2. . From its inception, the CESB was intended to be an autonomous entity, albeit
administratively attached to respondent Commission. As conceptualized by the
Reorganization Committee the CESB shall be autonomous. It is expected to view
the problem of building up executive manpower in the government with a broad and
positive outlook.

The essential autonomous character of the CESB is not negated by its attachment
to respondent Commission. By said attachment, CESB was not made to fall within
the control of respondent Commission. Under the Administrative Code of 1987, the
purpose of attaching one functionally inter-related government agency to another is
to attain policy and program coordination. This is clearly etched out in Section
38(3), Chapter 7, Book IV of the aforecited Code, to wit:

(3) Attachment. (a) This refers to the lateral relationship between the department
or its equivalent and attached agency or corporation for purposes of policy and
program coordination. The coordination may be accomplished by having the
department represented in the governing board of the attached agency or
corporation, either as chairman or as a member, with or without voting rights, if this
is permitted by the charter; having the attached corporation or agency comply with
a system of periodic reporting which shall reflect the progress of programs and
projects; and having the department or its equivalent provide general policies
through its representative in the board, which shall serve as the framework for the
internal policies of the attached corporation or agency.

NOTES:

Section 17, Chapter 3, Subtitle A. Title I, Book V of the Administrative Code of 1987
as the source of its power to abolish the CESB. Section 17 provides:

Sec. 17. Organizational Structure.
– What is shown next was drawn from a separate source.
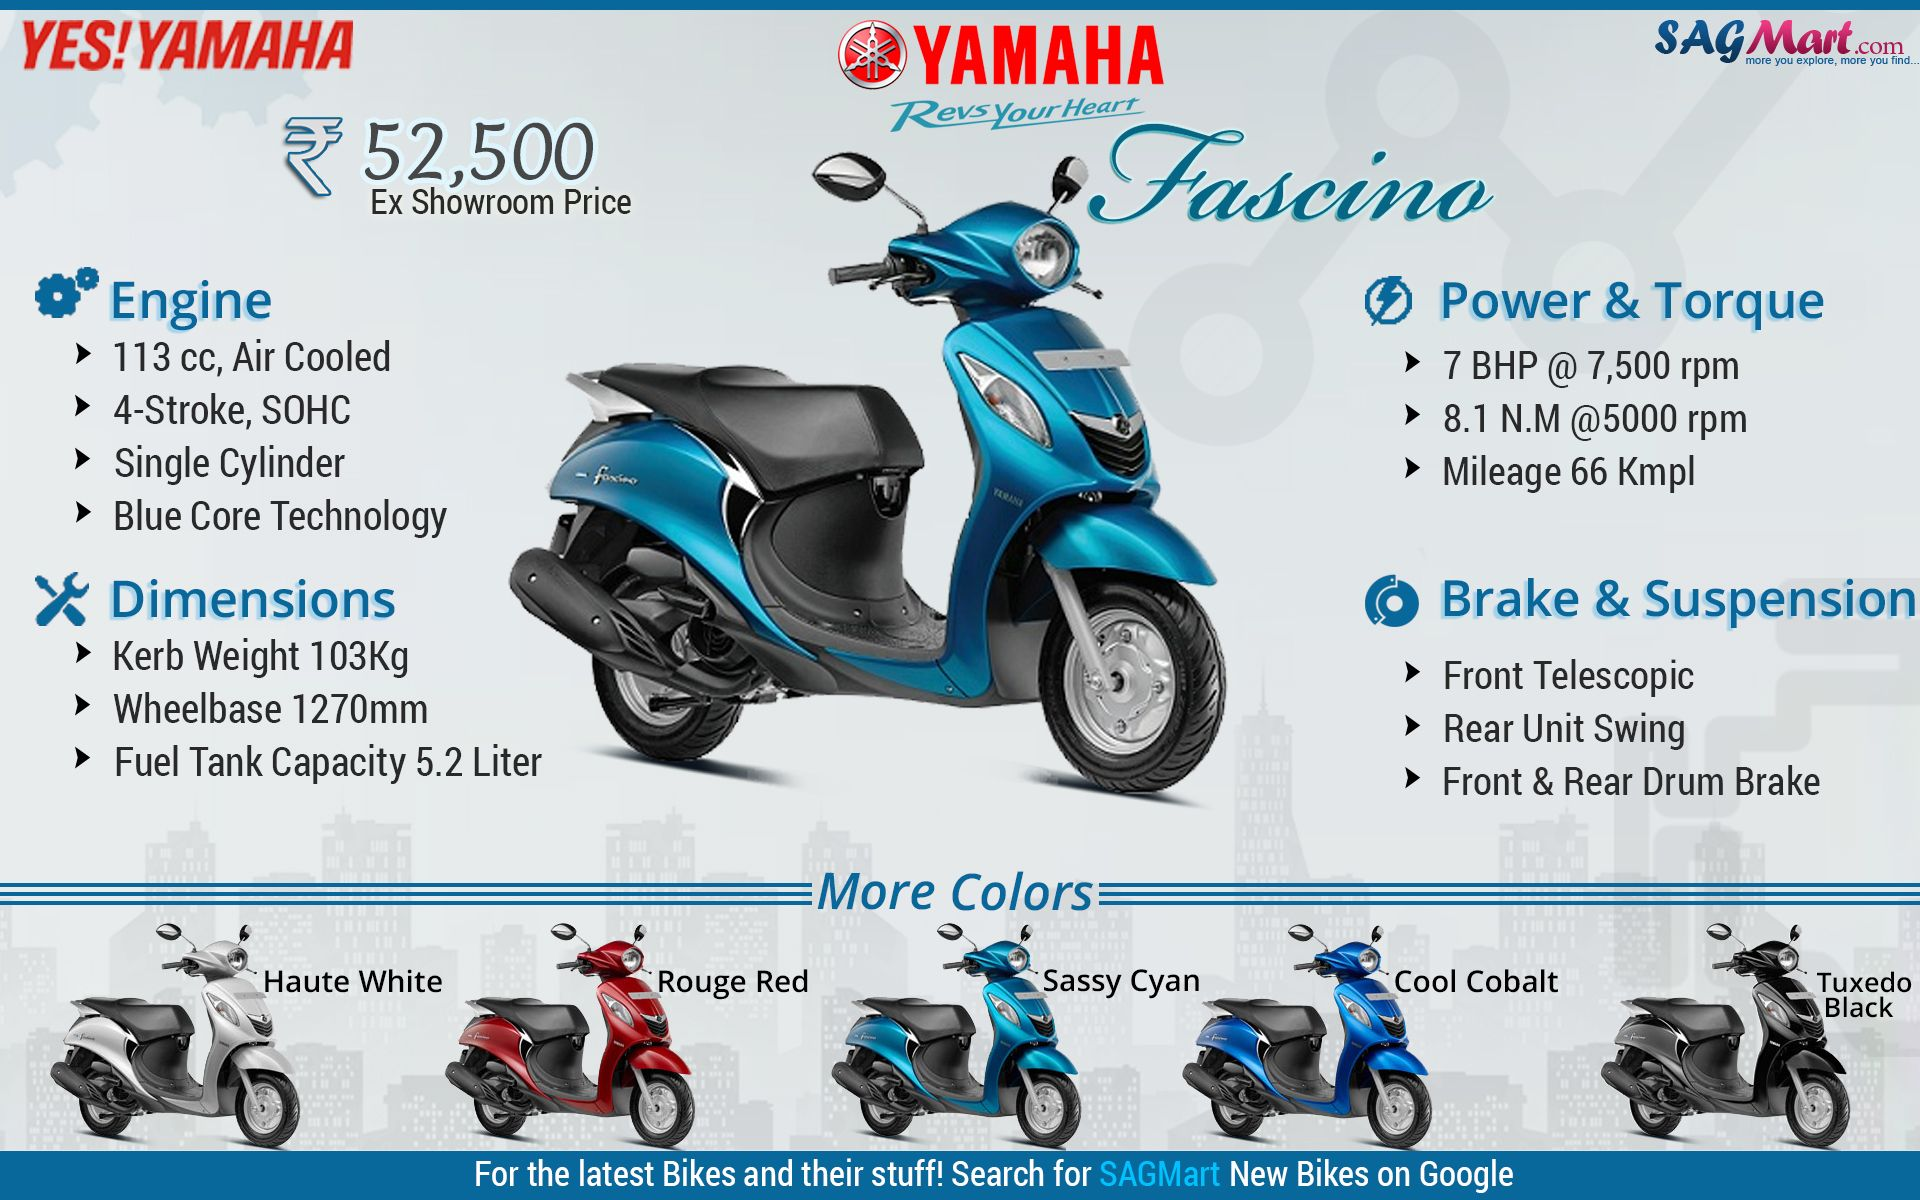 Yamaha Fascino Scooter Infographic Yamaha Car Showroom Infographic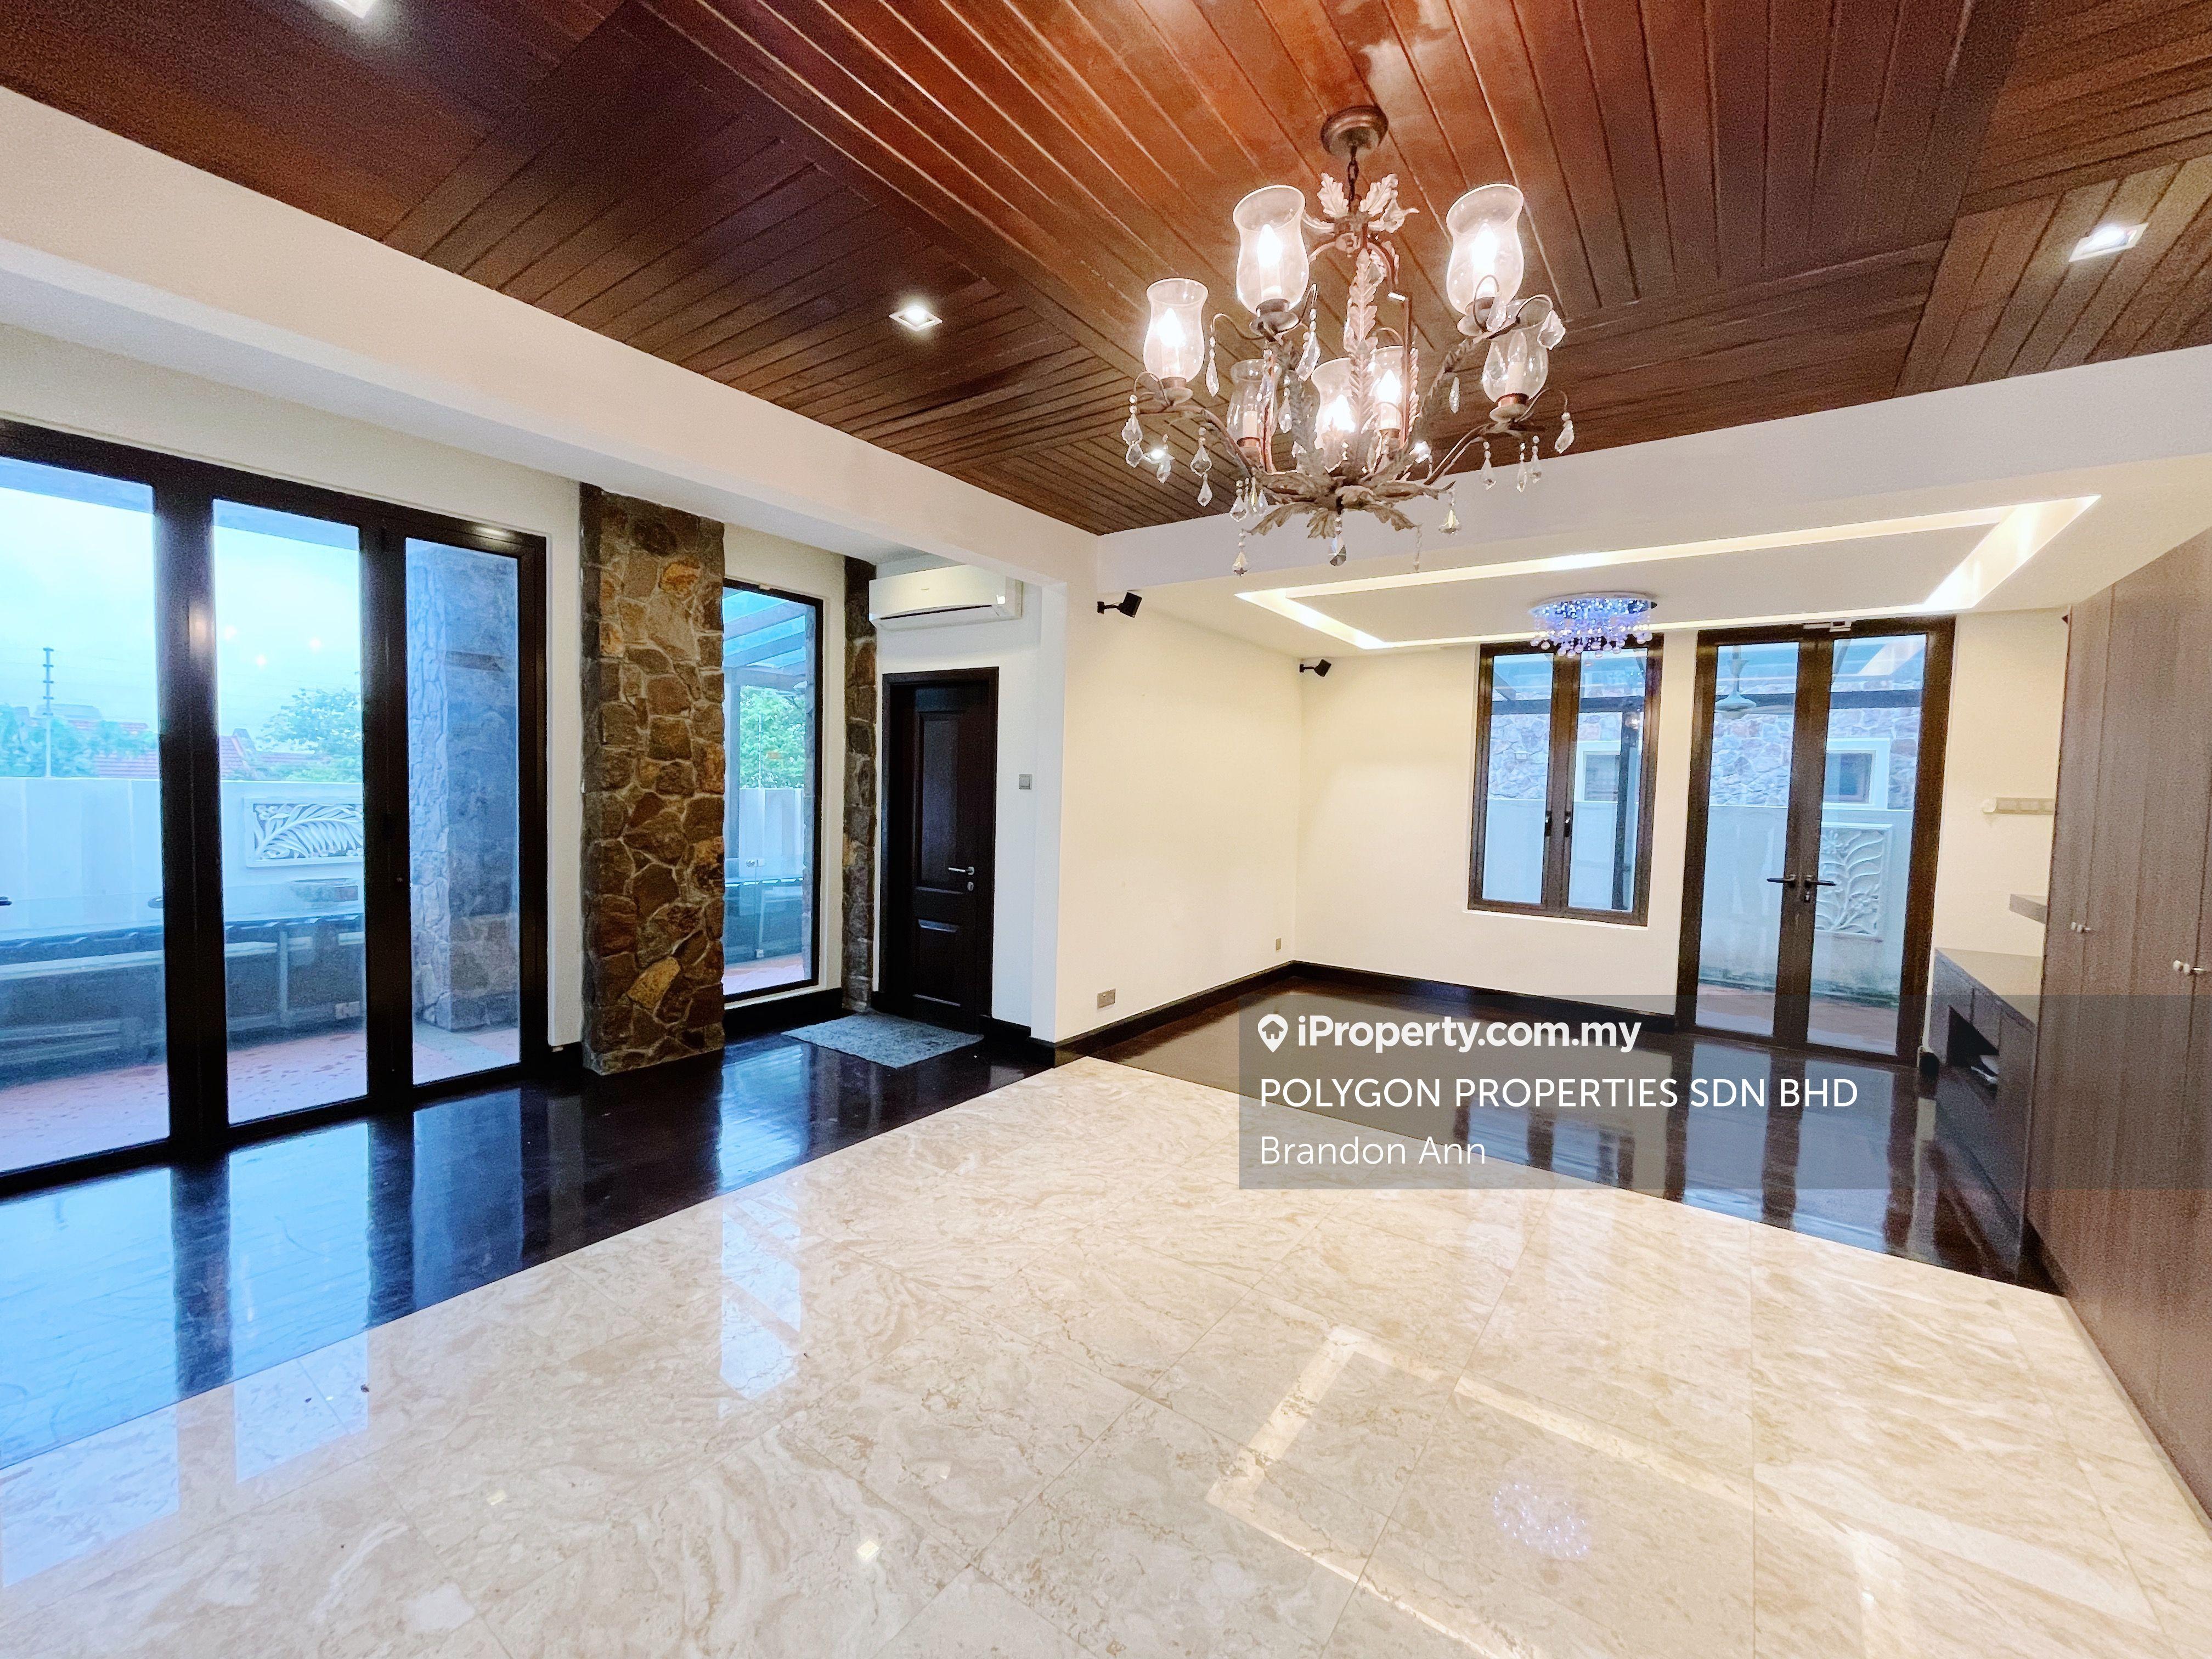 TTDI, Ttdi Hills, Taman Tun Dr Ismail,Kuala Lumpur, Taman Tun Dr Ismail

Each office of the Commission shall be headed
by a Director with at least one Assistant Director, and may have such divisions as
are necessary independent constitutional body, the Commission may effect changes
in the organization as the need arises.

Sec. 16. Offices in the Commission. The Commission shall have the following
offices:

(1) The Office of the Executive

(2) The Merit System Protection Board composed of a Chairman and two (2)
members

(3) The Office of Legal Affairs

(4) The Office of Planning and Management

(5) The Central Administrative Office.

(6) The Office of Central Personnel Records


(7) The Office of Position Classification and Compensation

(8) The Office of Recruitment, Examination and Placement

(9) The Office of Career Systems and Standards

(10) The Office of Human Resource Development

(11) The Office of Personnel Inspection and Audit.

(12) The Office of Personnel Relations

(13) The Office of Corporate Affairs

(14) The Office of Retirement

(15) The Regional and Field Offices.